▸ Action item
Under this line are the records; repeat exactly the lines starting at the one containing "Corentena Dixital" and ending at the one containing "Cornell University Press Fall 2011", omitting pictures.

▸ Stored data
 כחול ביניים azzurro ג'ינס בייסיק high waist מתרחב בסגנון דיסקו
==
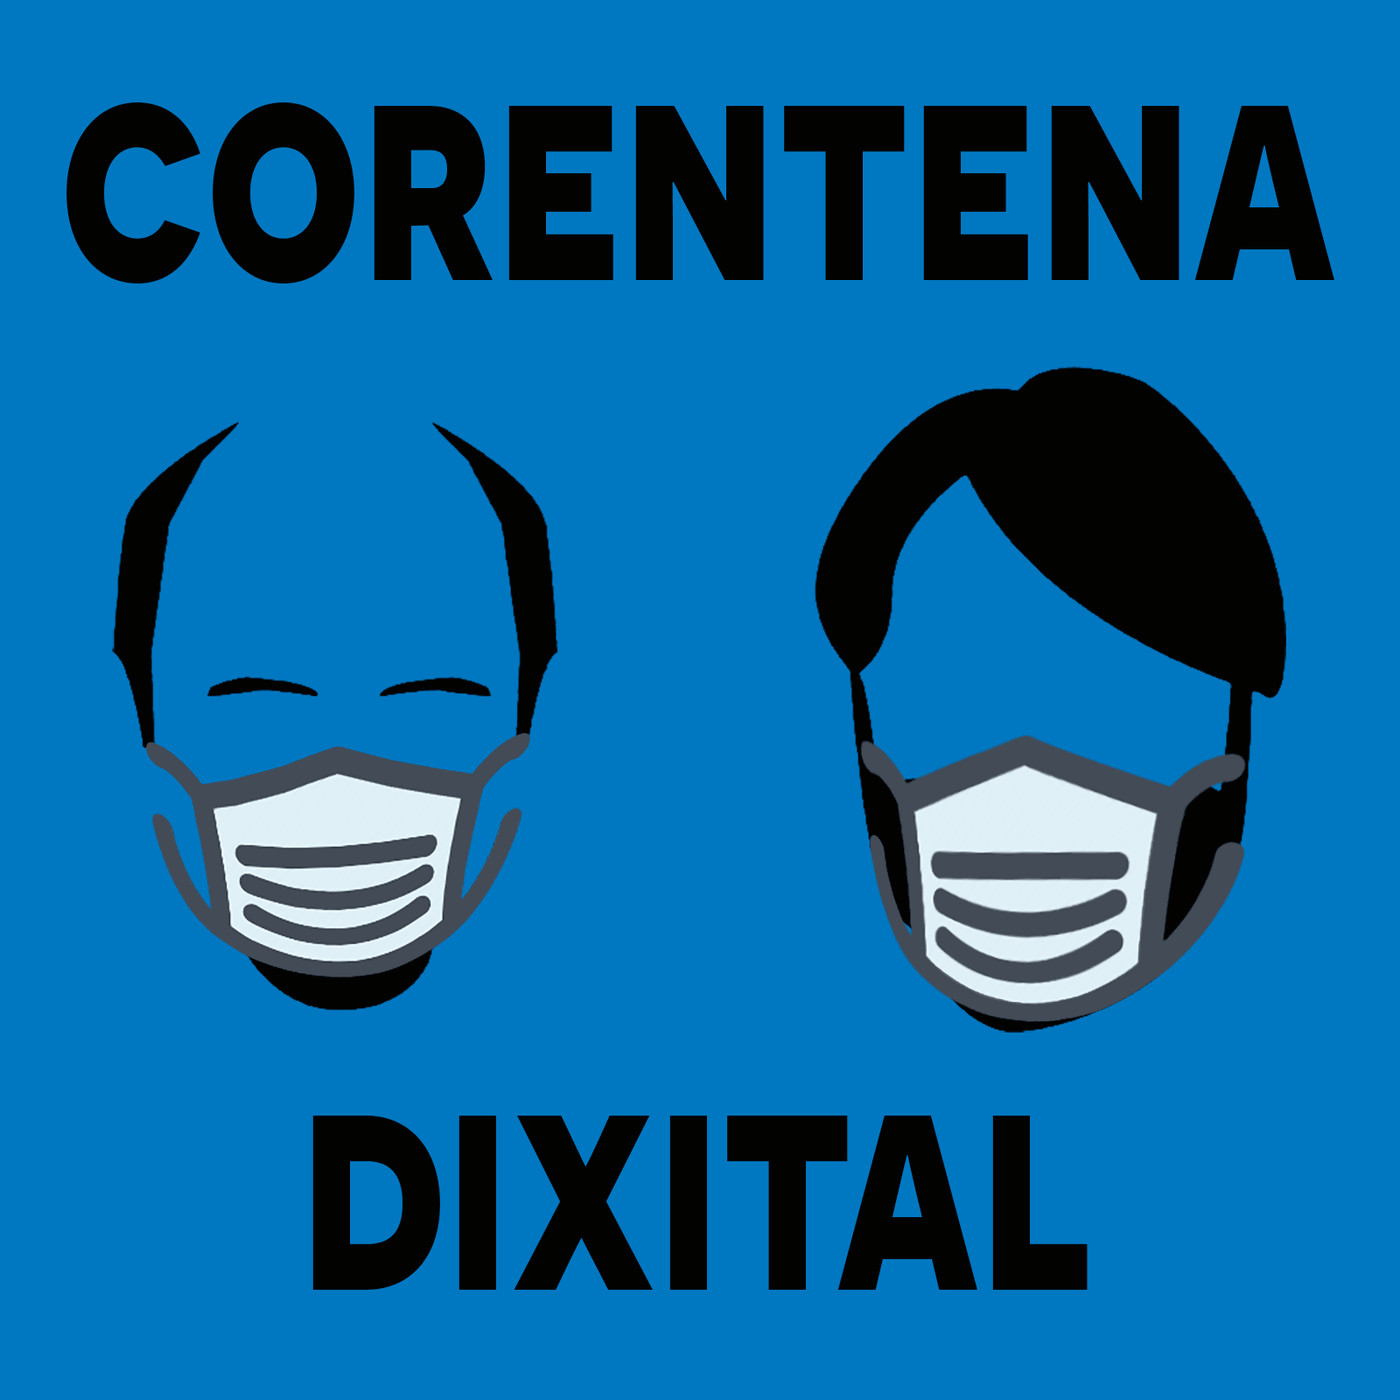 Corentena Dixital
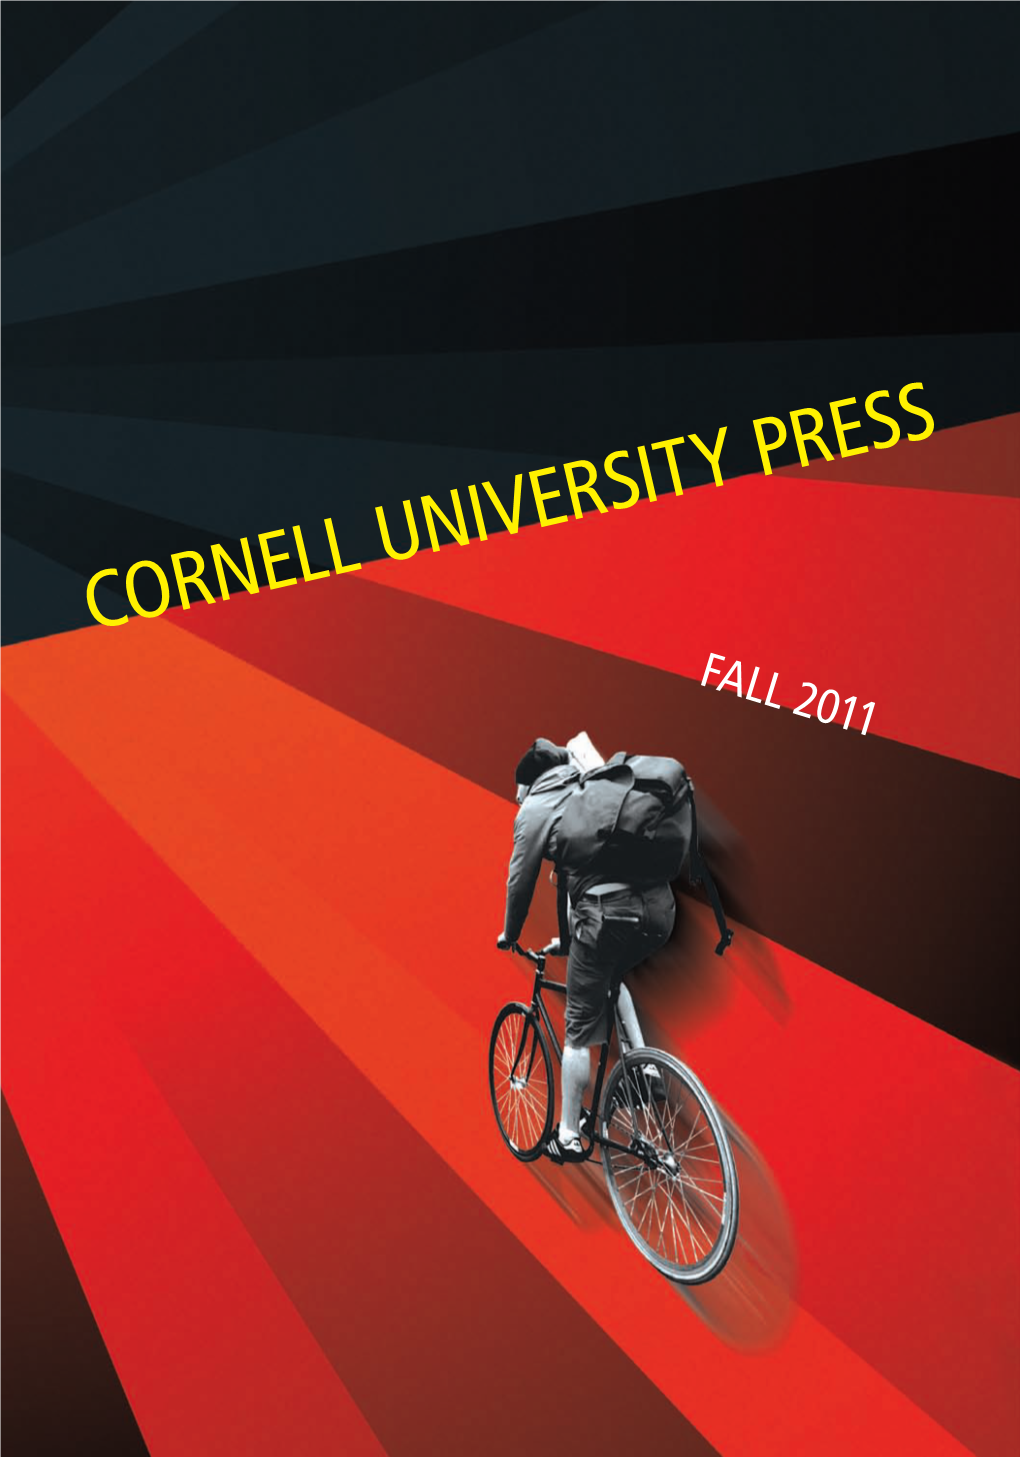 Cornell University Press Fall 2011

▸ Exercise solution
 Corentena Dixital
 Cornell University Press Fall 2011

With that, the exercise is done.